Exercise: Could you write out, exactly as they stand, only the lines in the listing below from the line with "Vorlage kleiner Engel" to the line with "Sony SLT-A37 sample", both ends included, without the pictures?

━━ Source material ━━

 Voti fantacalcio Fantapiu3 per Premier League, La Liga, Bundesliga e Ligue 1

━━━
━━ Source material ━━

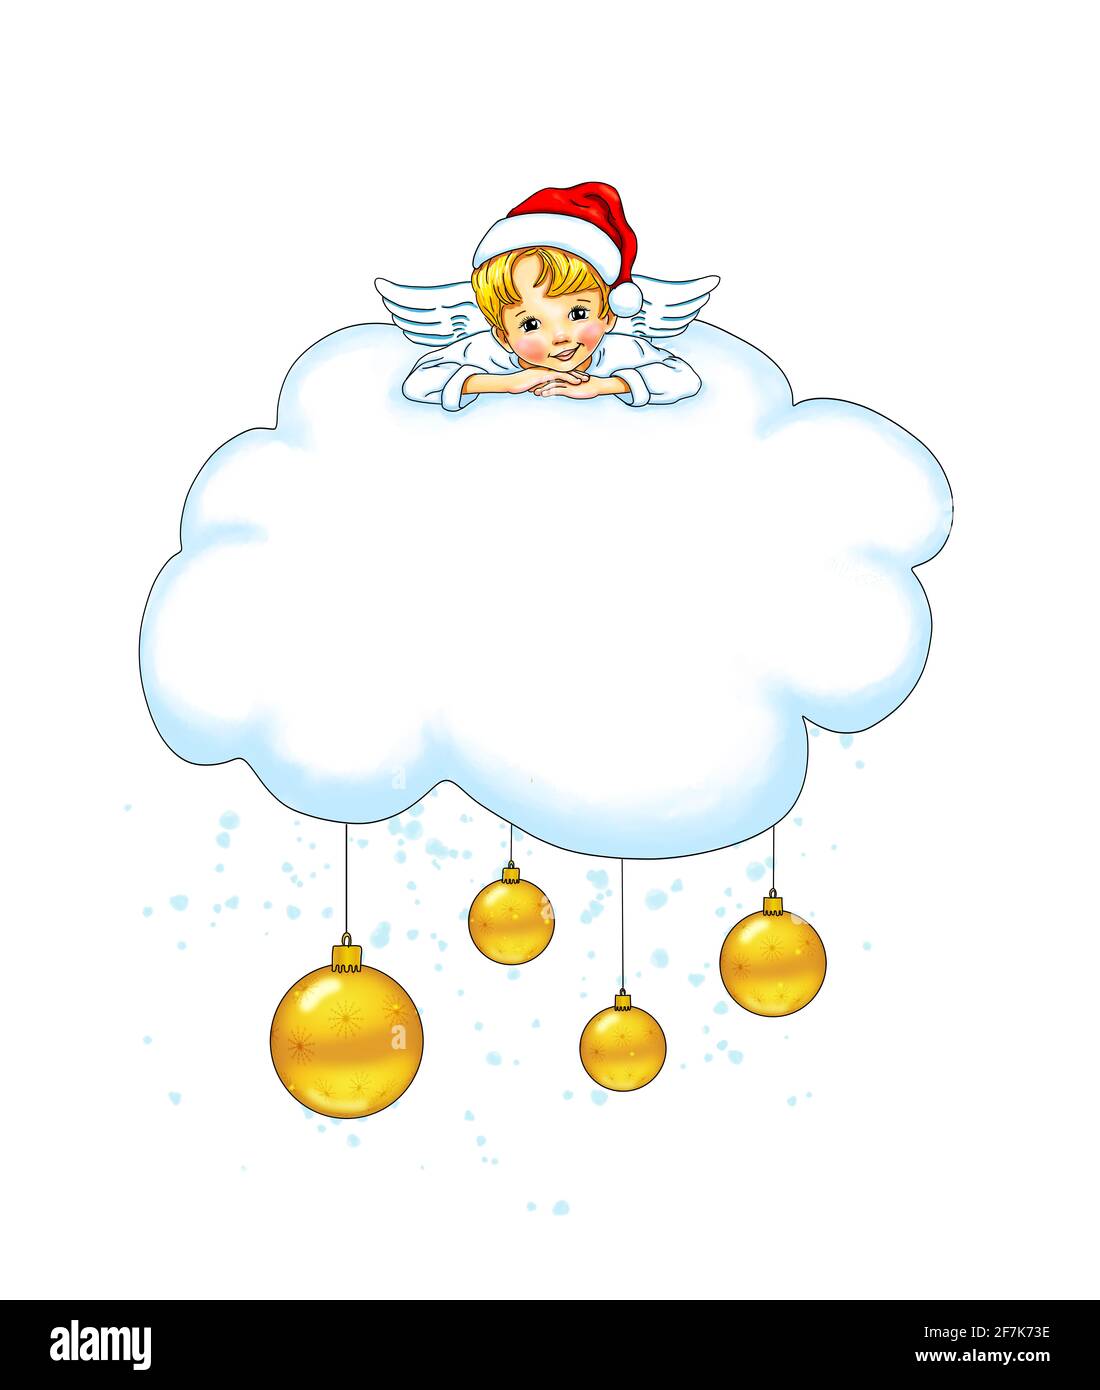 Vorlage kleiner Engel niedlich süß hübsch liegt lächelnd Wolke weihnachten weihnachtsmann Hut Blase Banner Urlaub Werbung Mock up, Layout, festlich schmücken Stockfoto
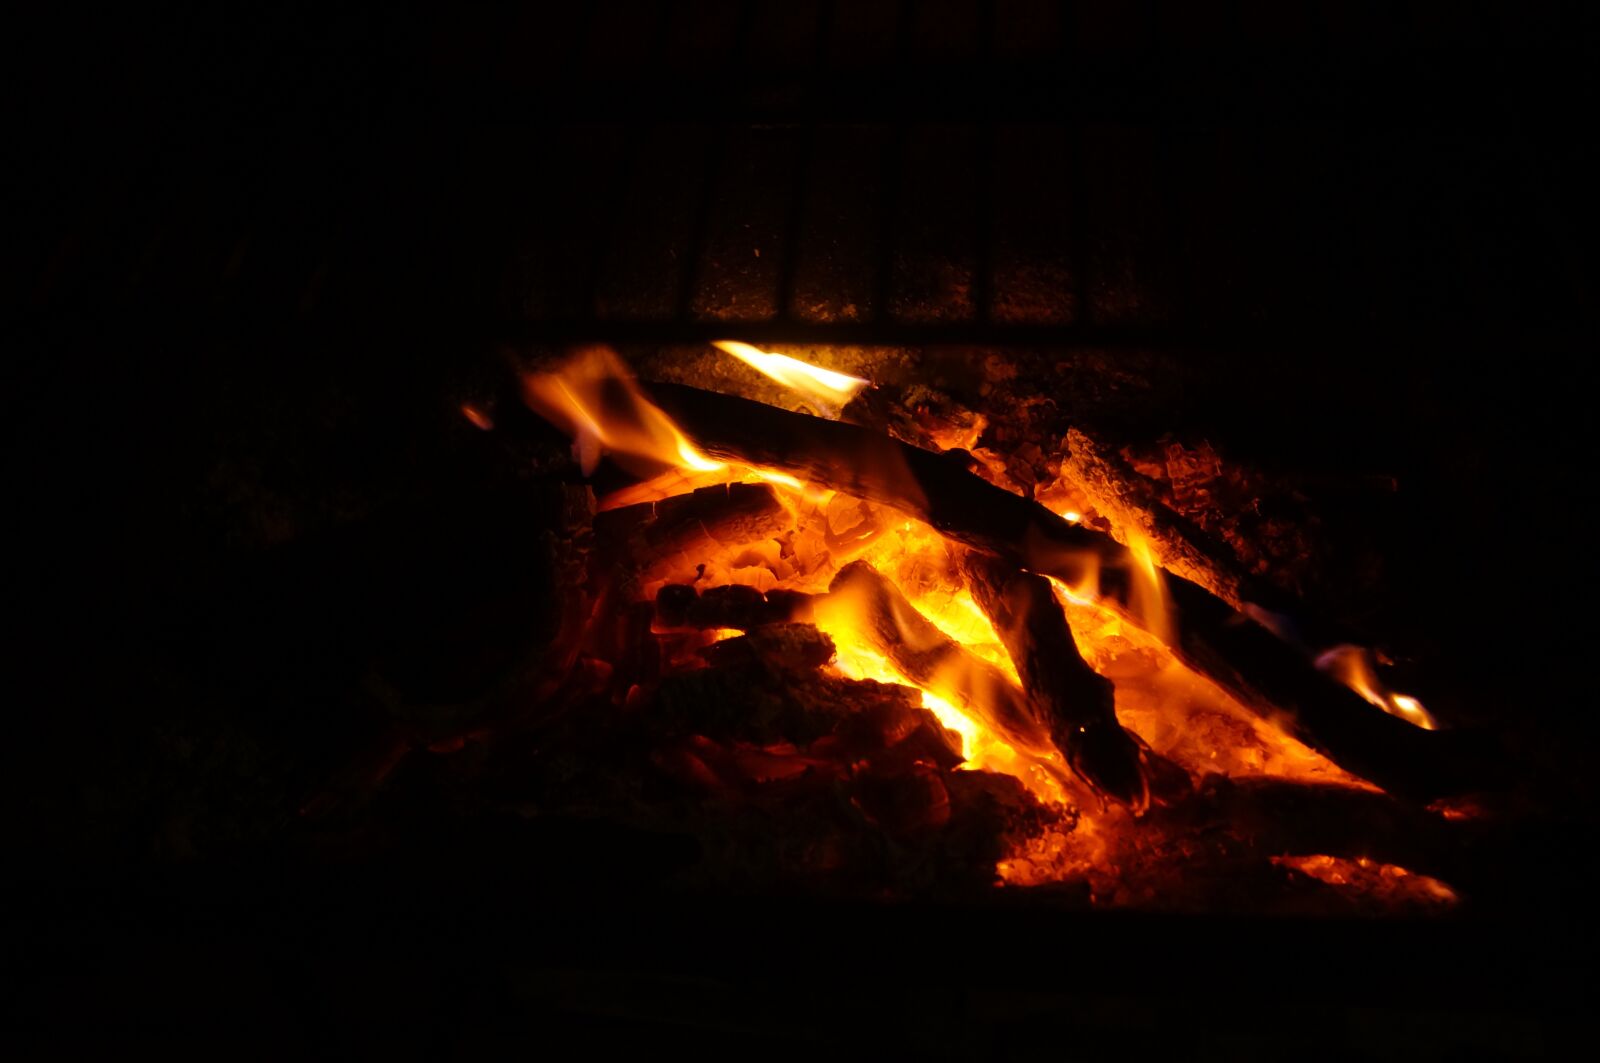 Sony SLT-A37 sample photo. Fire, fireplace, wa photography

━━━
━━ Source material ━━

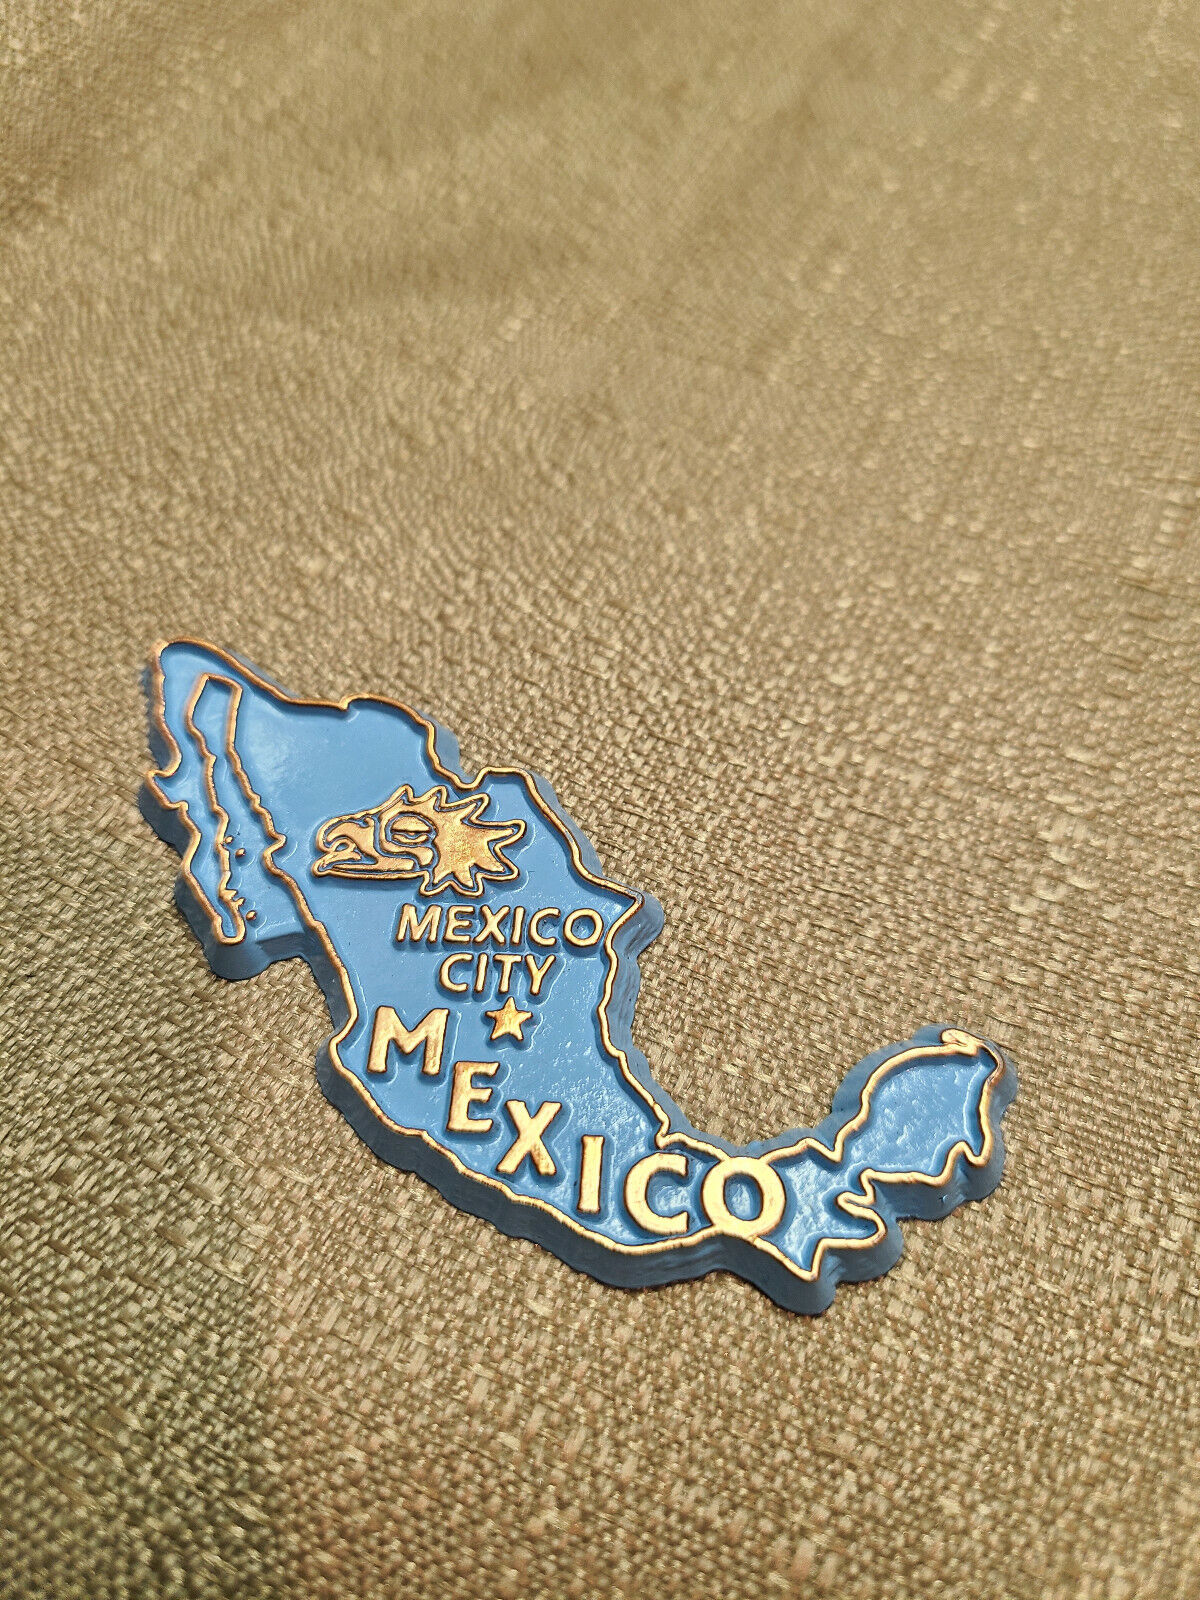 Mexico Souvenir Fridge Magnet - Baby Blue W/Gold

━━━

Task answer:
 Vorlage kleiner Engel niedlich süß hübsch liegt lächelnd Wolke weihnachten weihnachtsmann Hut Blase Banner Urlaub Werbung Mock up, Layout, festlich schmücken Stockfoto
 Sony SLT-A37 sample photo. Fire, fireplace, wa photography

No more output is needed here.